SVREP’s finances were so strained as a result of the California drive and resulting fund-raising shortfall, that its late president William C. Velasquez took out a second mortgage on his house, borrowed money from his mother and cut staff benefits, including insurance premiums, SVREP leaders said. Velasquez died of cancer in mid-1988, leaving his wife and three children with the extra mortgage and a small life insurance policy.

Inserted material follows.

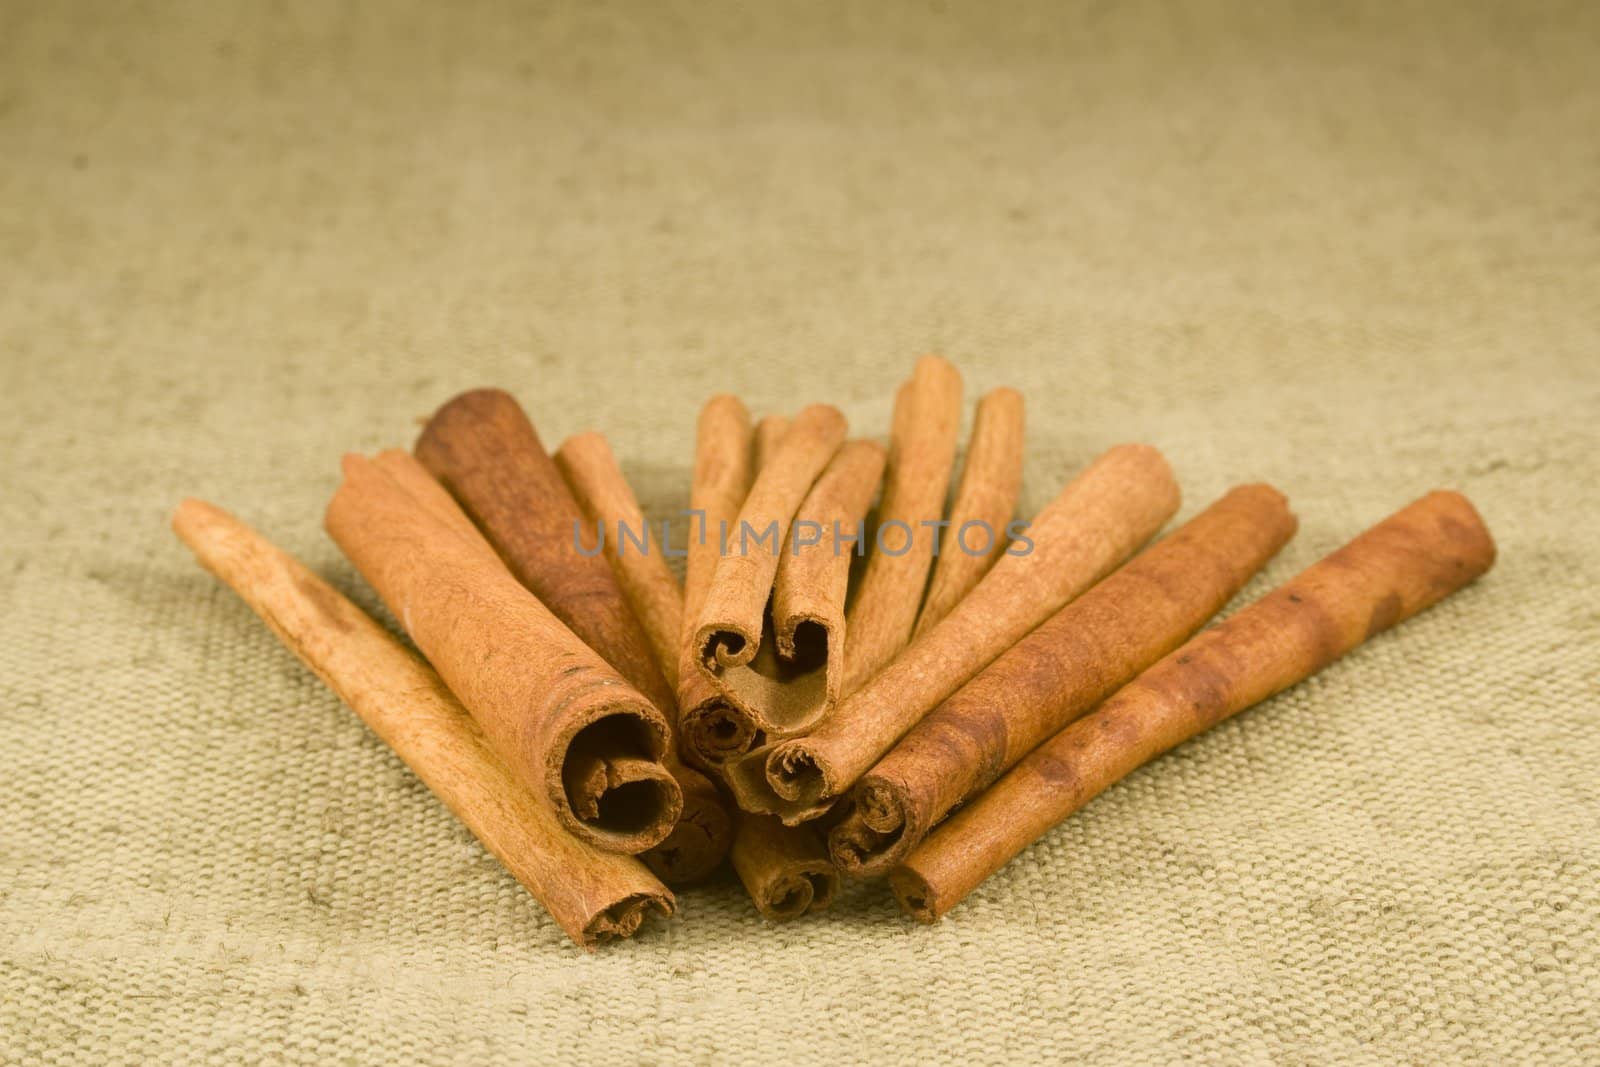 Cinnamon sticks on burlap
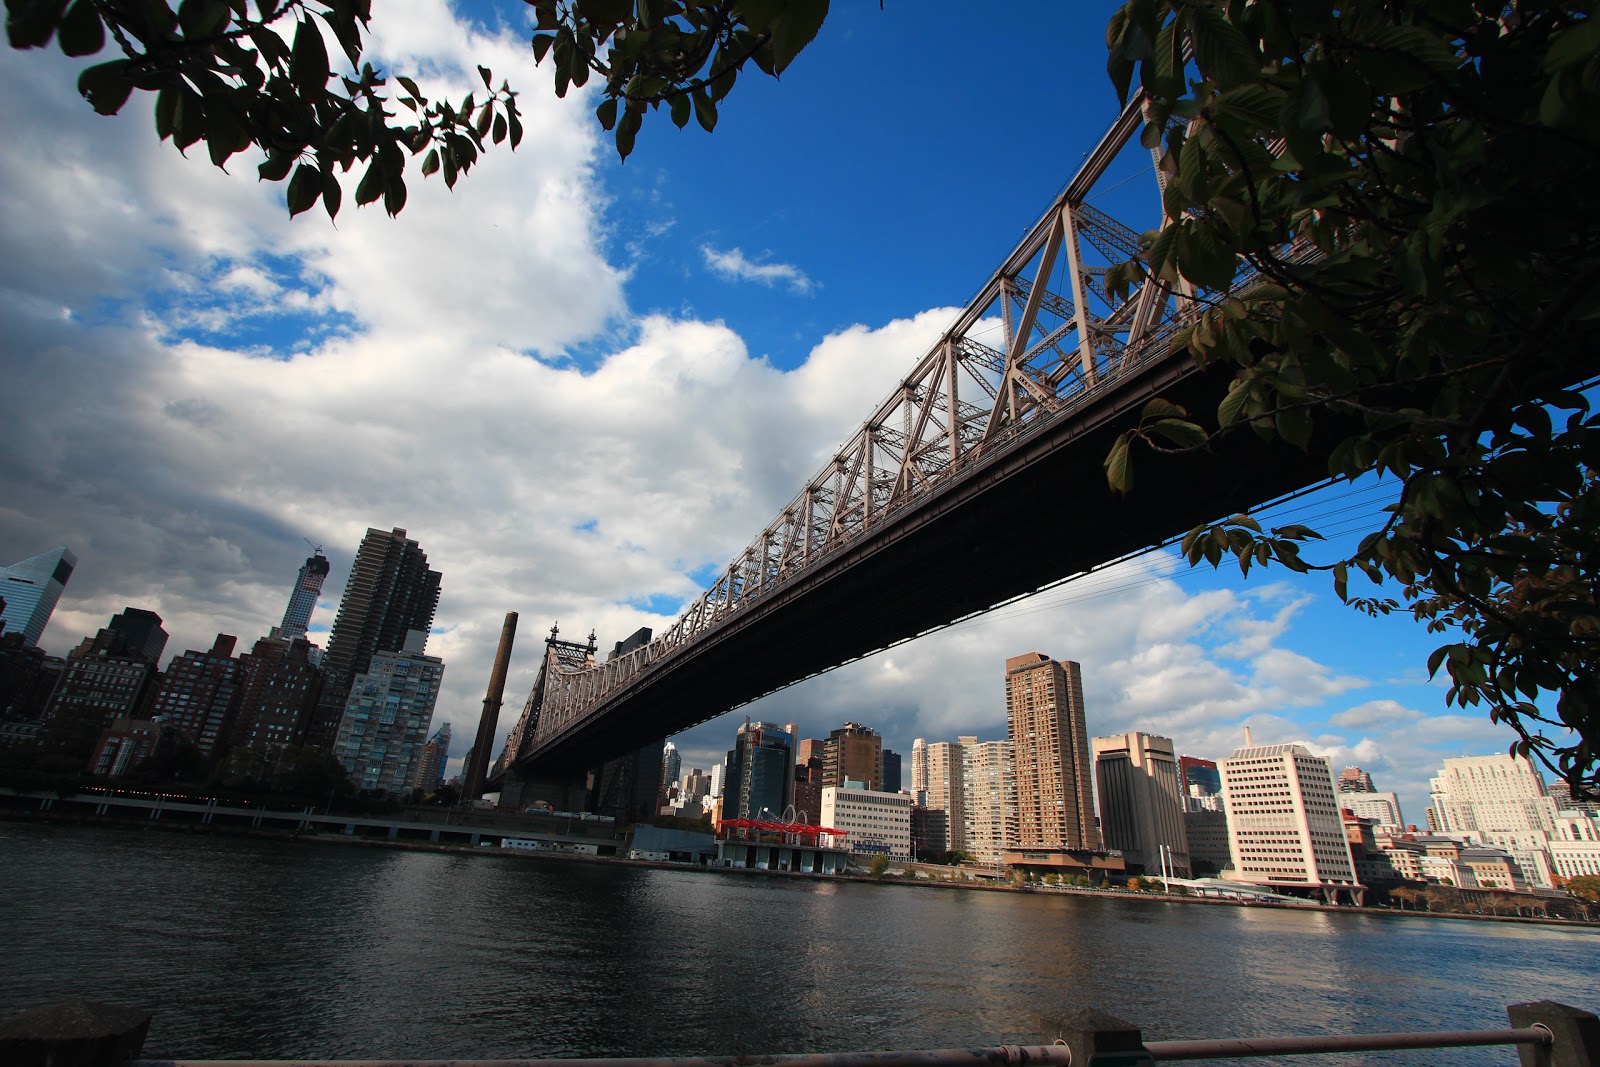 Photo of Ed Koch Queensboro Bridge in New York City, New York, United States - 2 Picture of Point of interest, Establishment

Cranston, who has won large majorities among Mexican-American voters in previous campaigns, said that the dispute with the Texas group resulted from a misunderstanding. Aides said that Cranston did raise money for SVREP--it eventually got $100,000--but that he never committed himself to raising a specific amount.

The feud between Cranston and his son’s Center for Participation in Democracy and SVREP illustrates the problems that can arise when a politician is active in raising tax-deductible contributions for “nonpartisan” voter registration groups.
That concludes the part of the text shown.